Input data section start

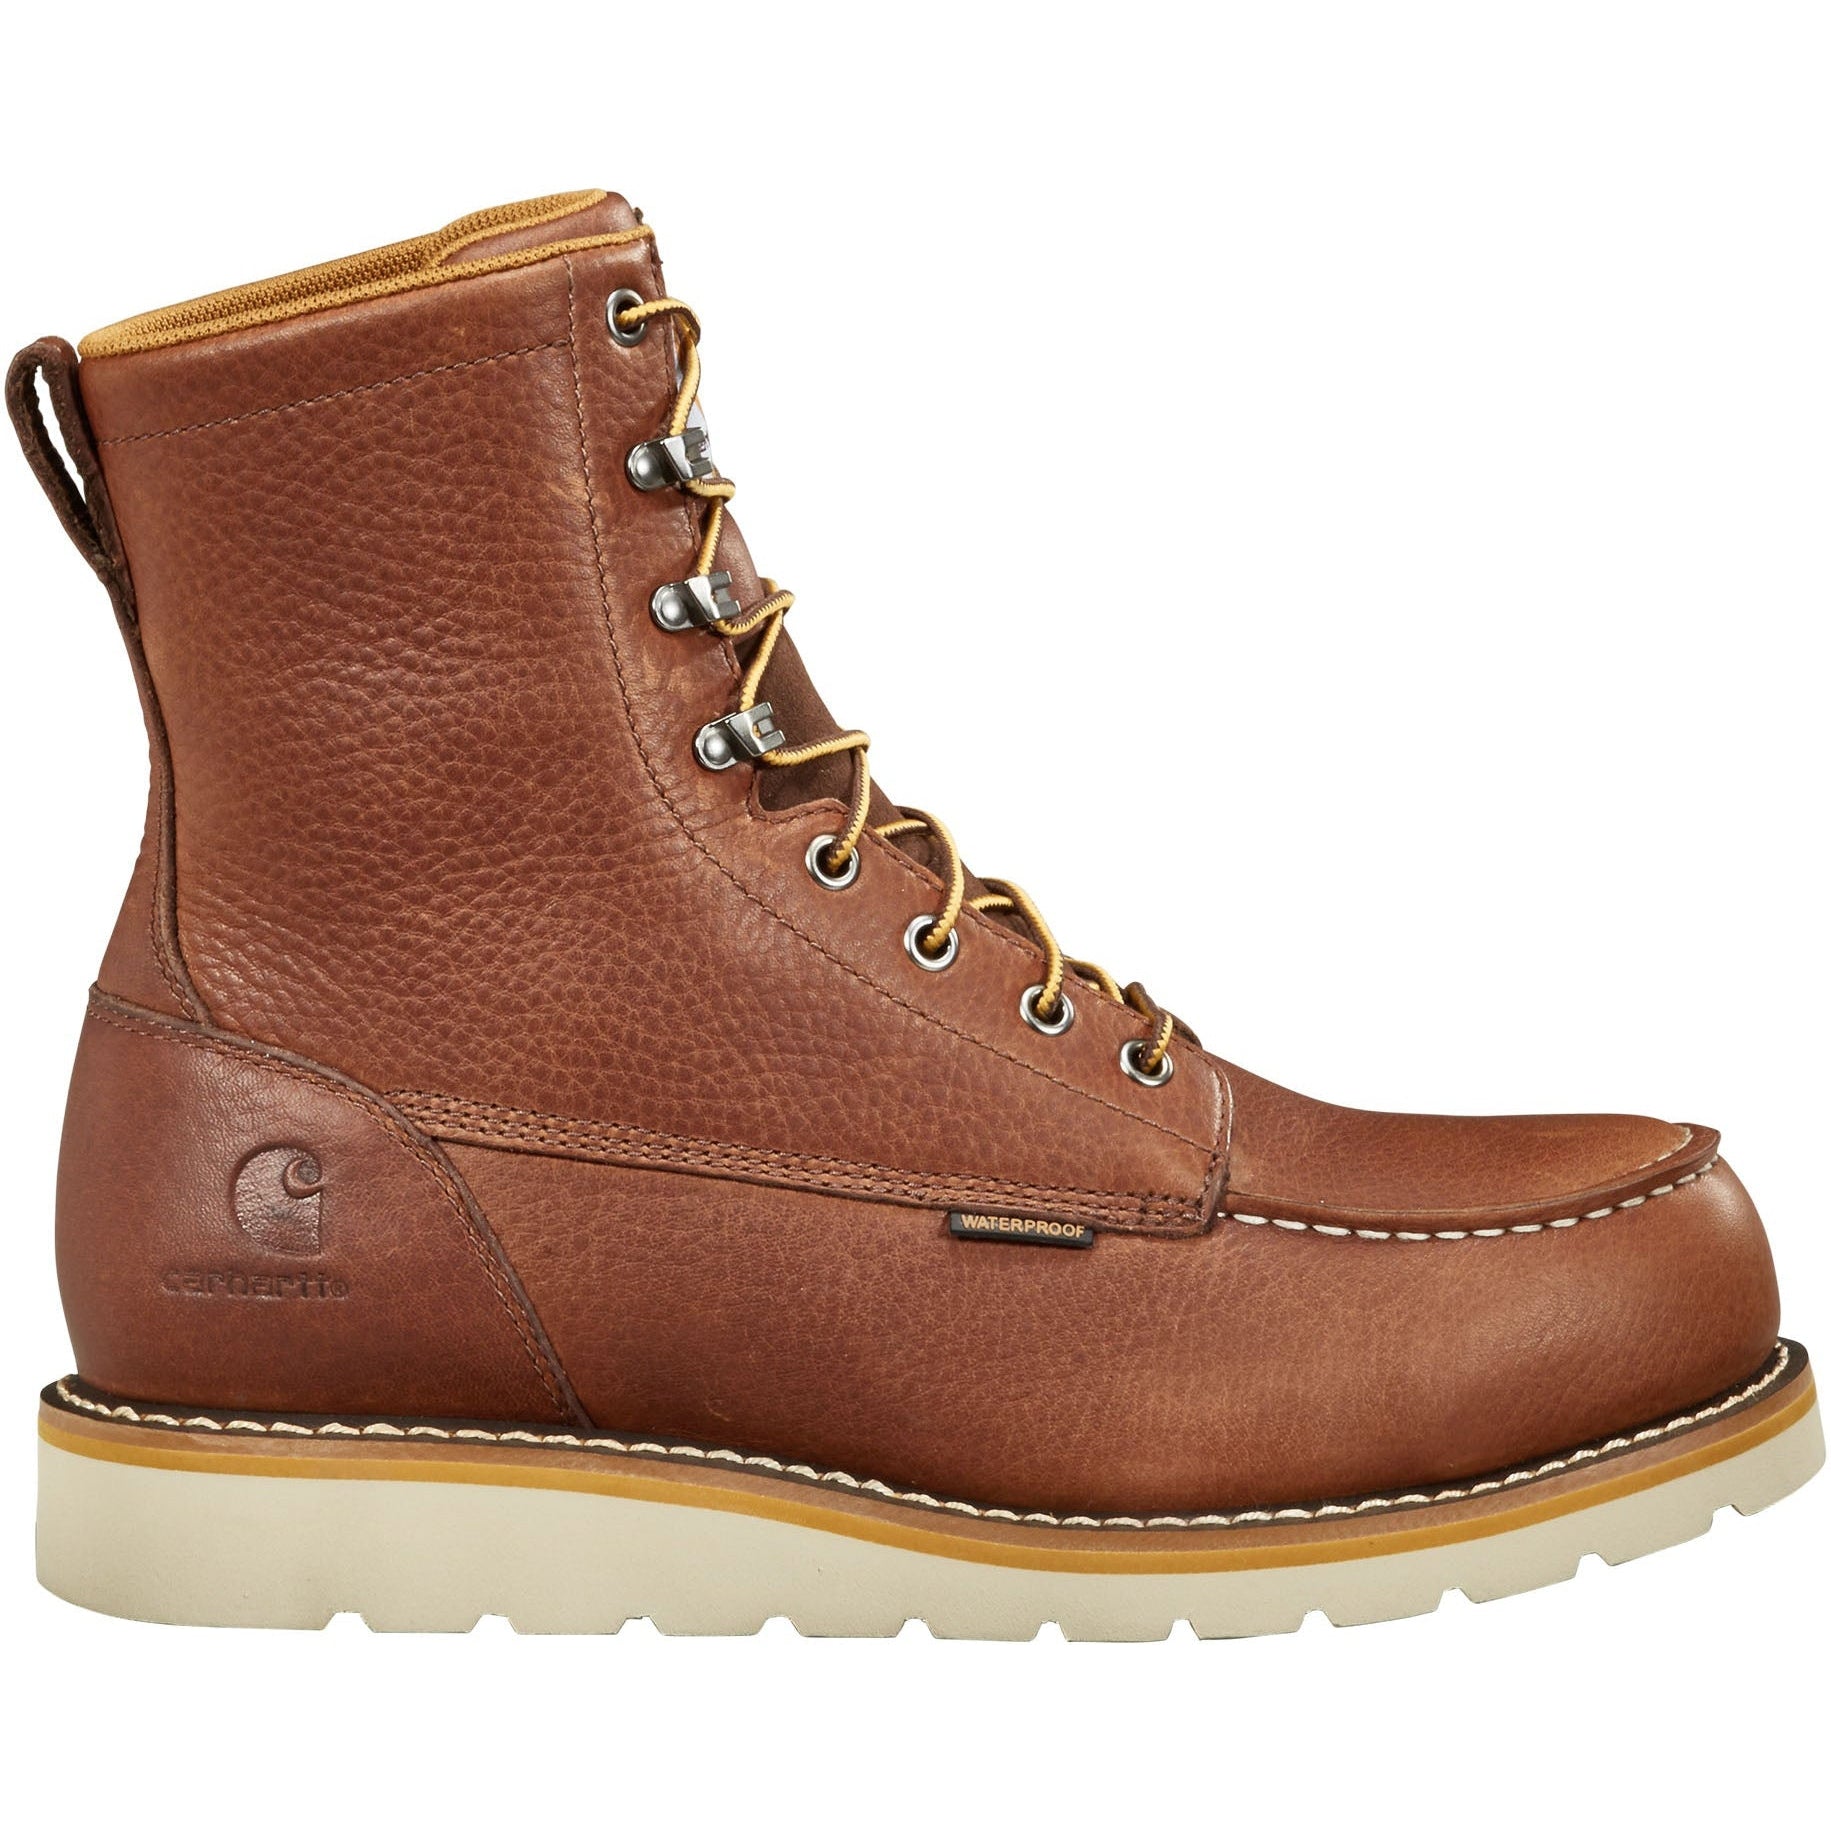 Carhartt Men's 8" Waterproof Steel Toe Wedge Work Boot - Redwood - FW8275-M 8 / Medium / Brown - Overlook Boots
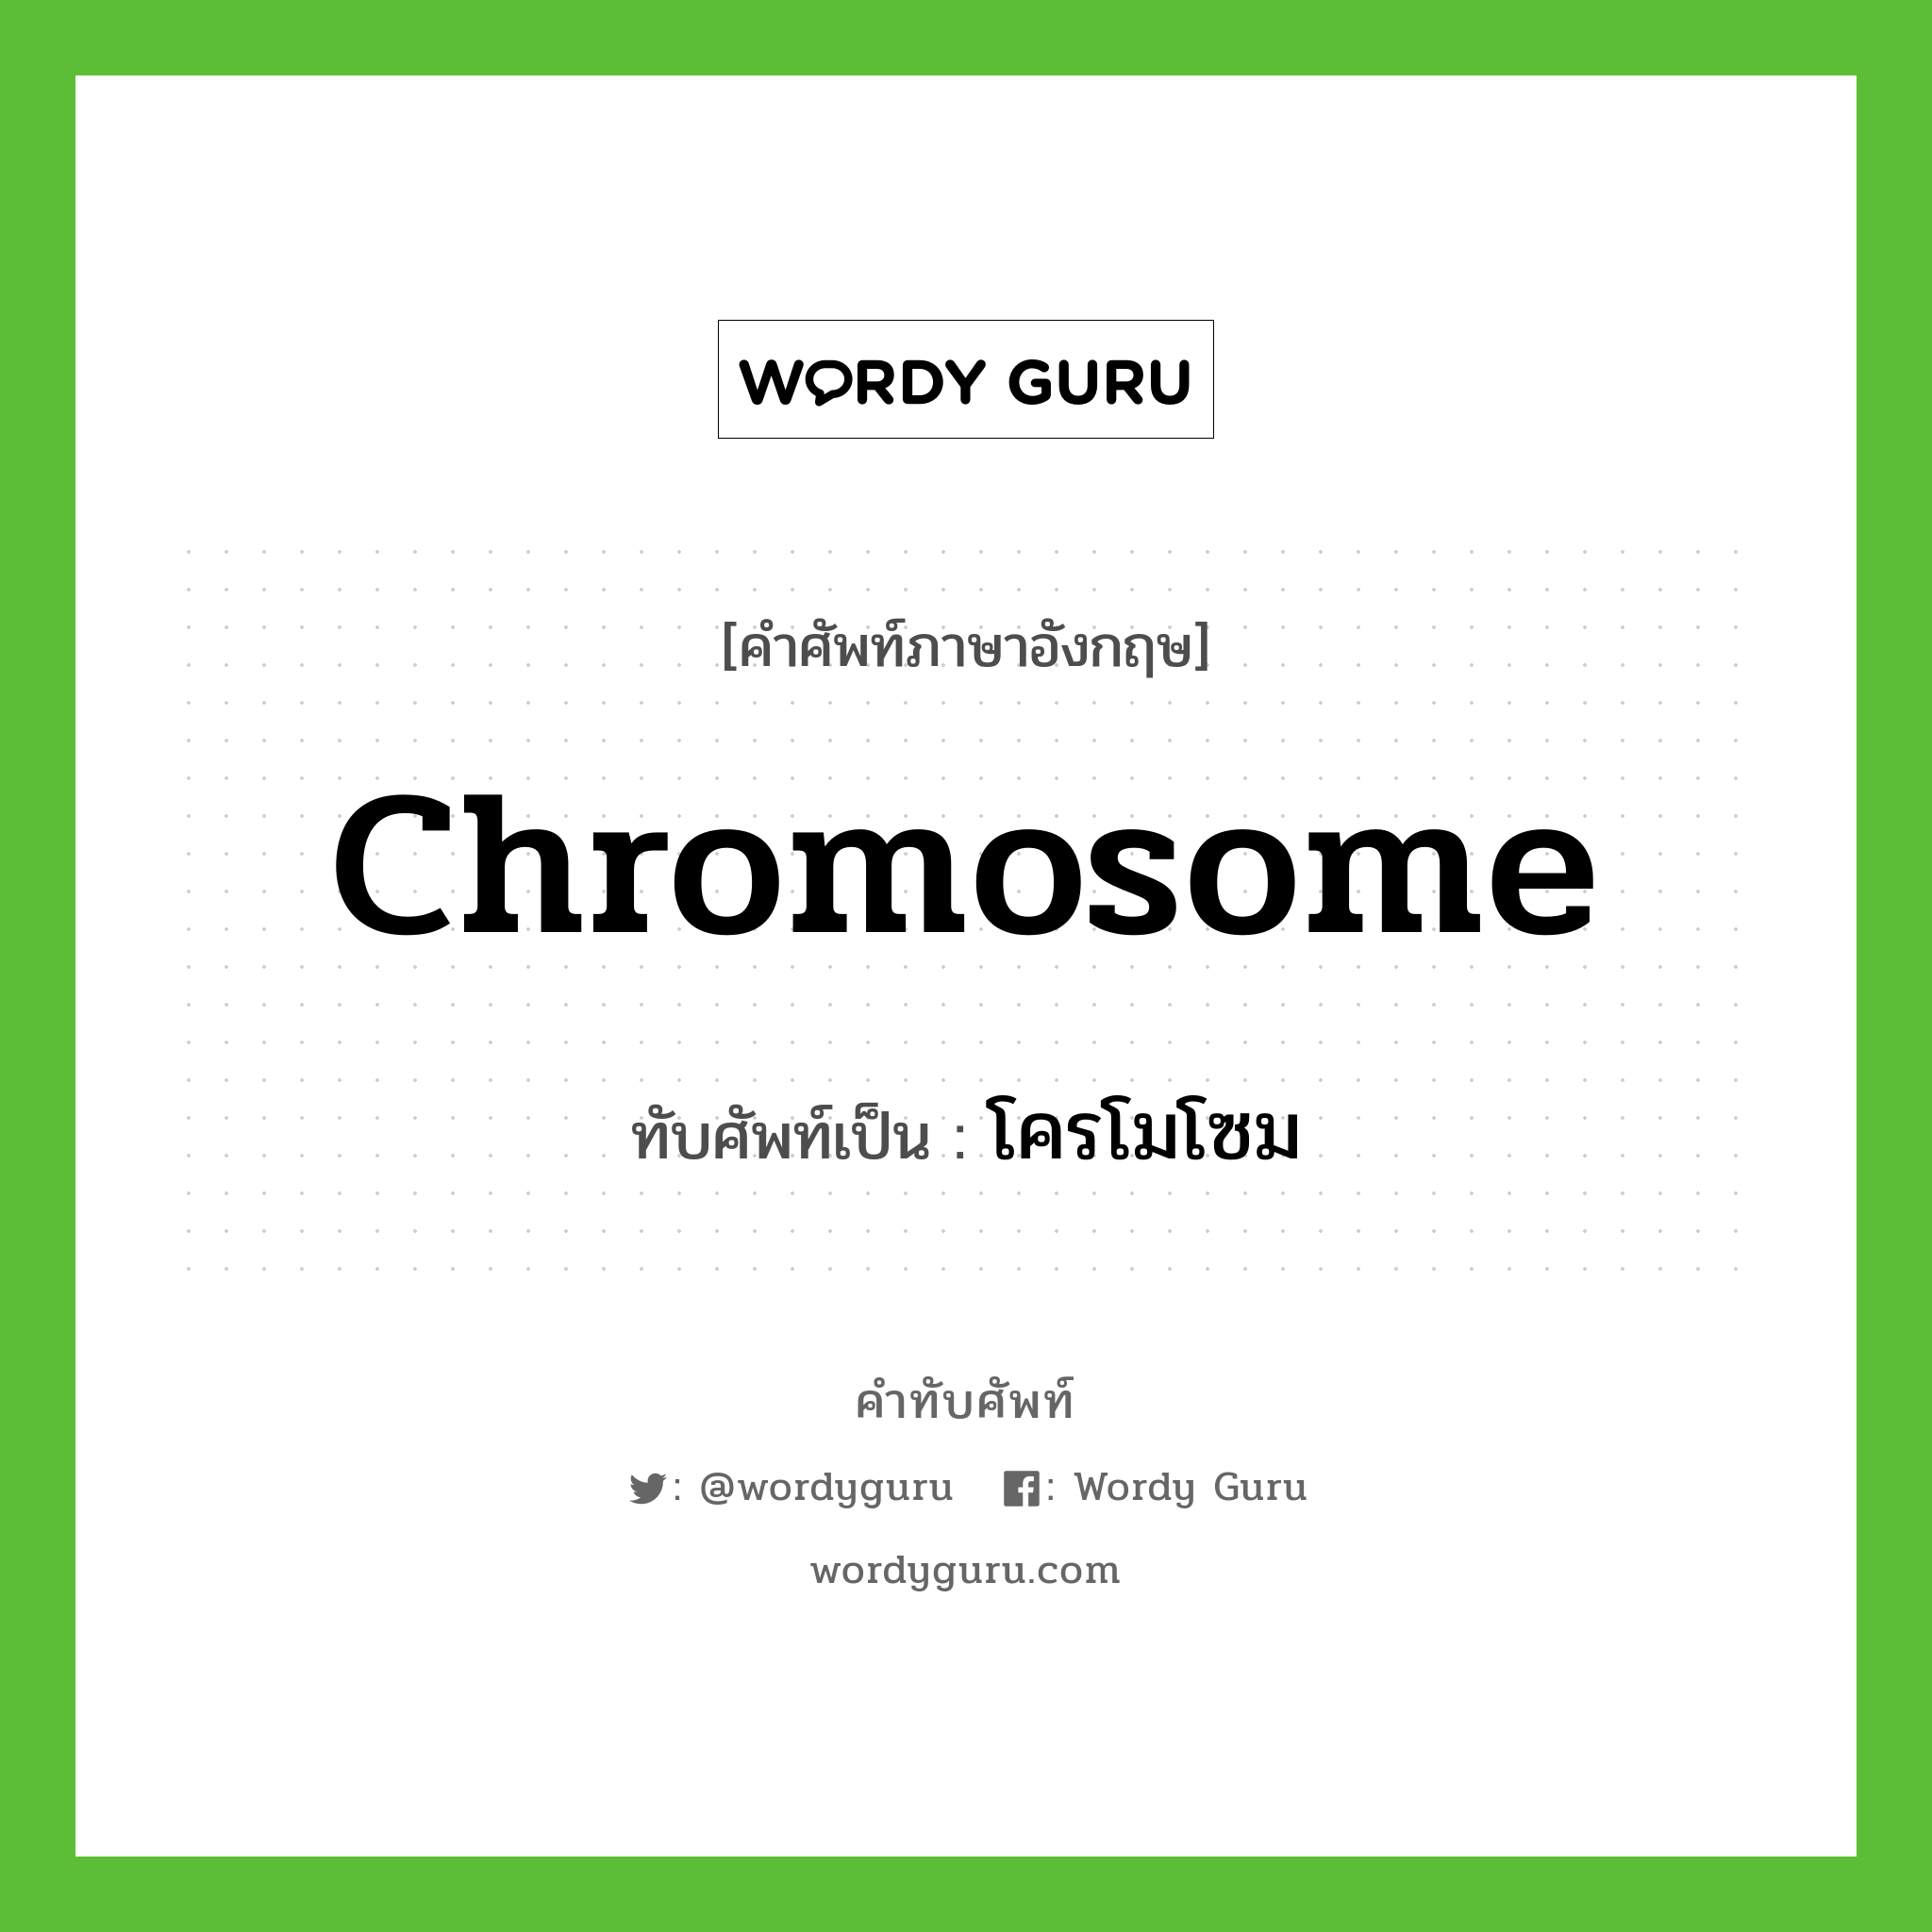 chromosome เขียนเป็นคำไทยว่าอะไร?, คำศัพท์ภาษาอังกฤษ chromosome ทับศัพท์เป็น โครโมโซม
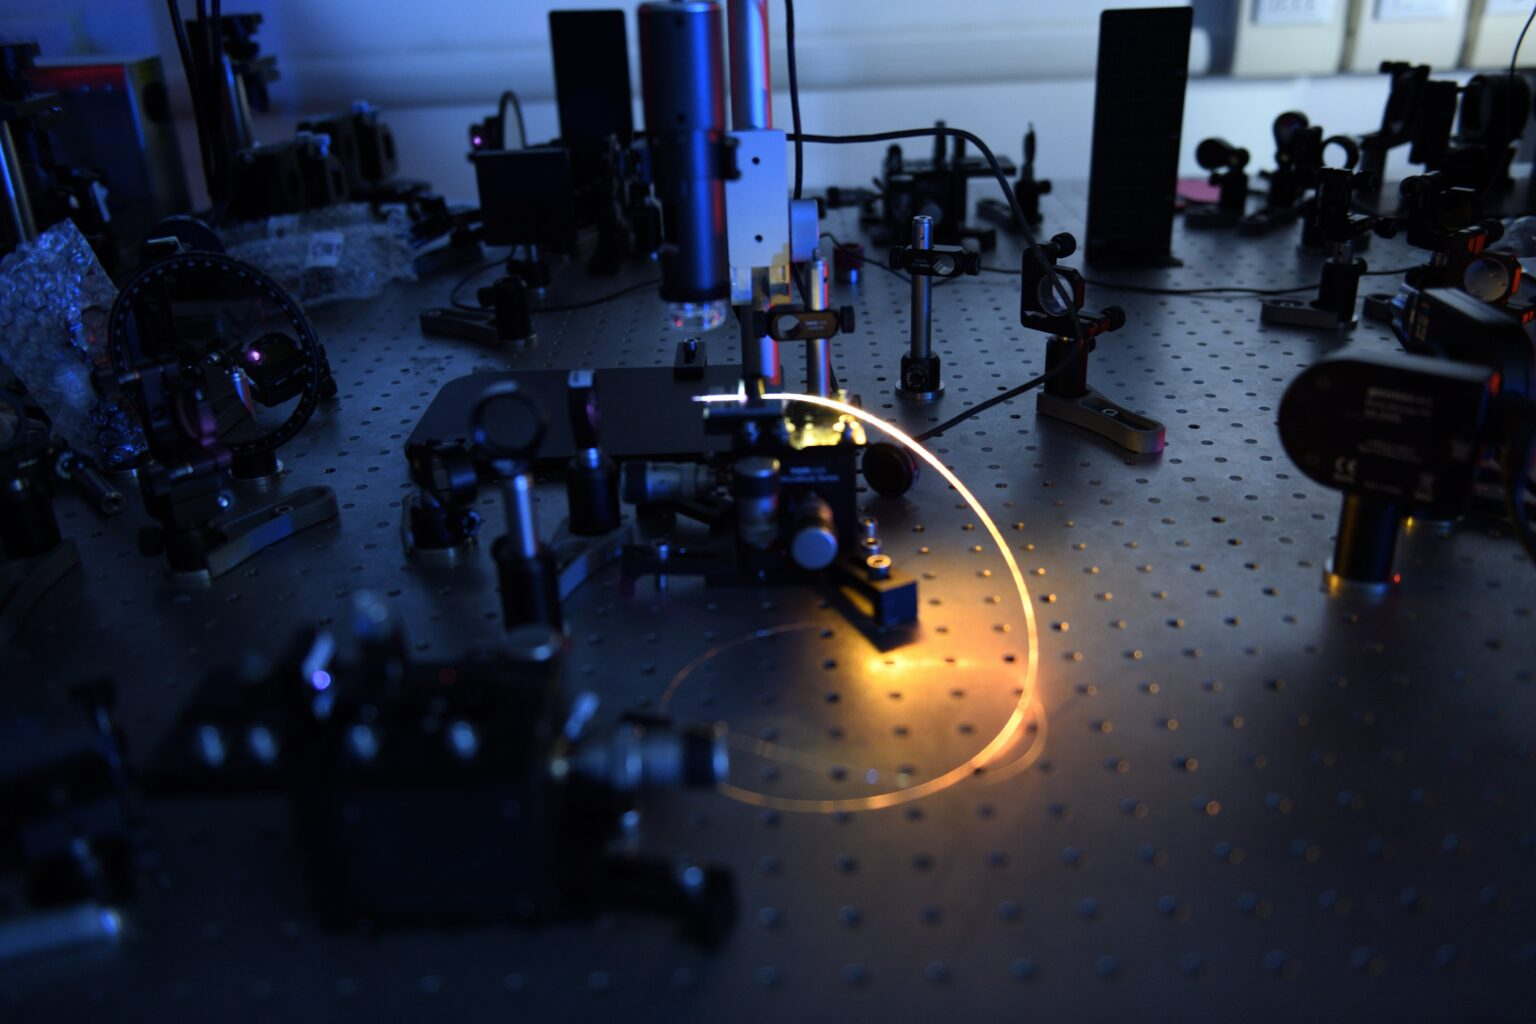 Хятадын анхны аттосекунд лазер төхөөрөмж бүтээгдэж байна

Input data section end

Your copy should match the material above exactly, minus its pictures.

=== Task solution ===
 Carhartt Men's 8" Waterproof Steel Toe Wedge Work Boot - Redwood - FW8275-M 8 / Medium / Brown - Overlook Boots
 chromosome เขียนเป็นคำไทยว่าอะไร?, คำศัพท์ภาษาอังกฤษ chromosome ทับศัพท์เป็น โครโมโซม
 Хятадын анхны аттосекунд лазер төхөөрөмж бүтээгдэж байна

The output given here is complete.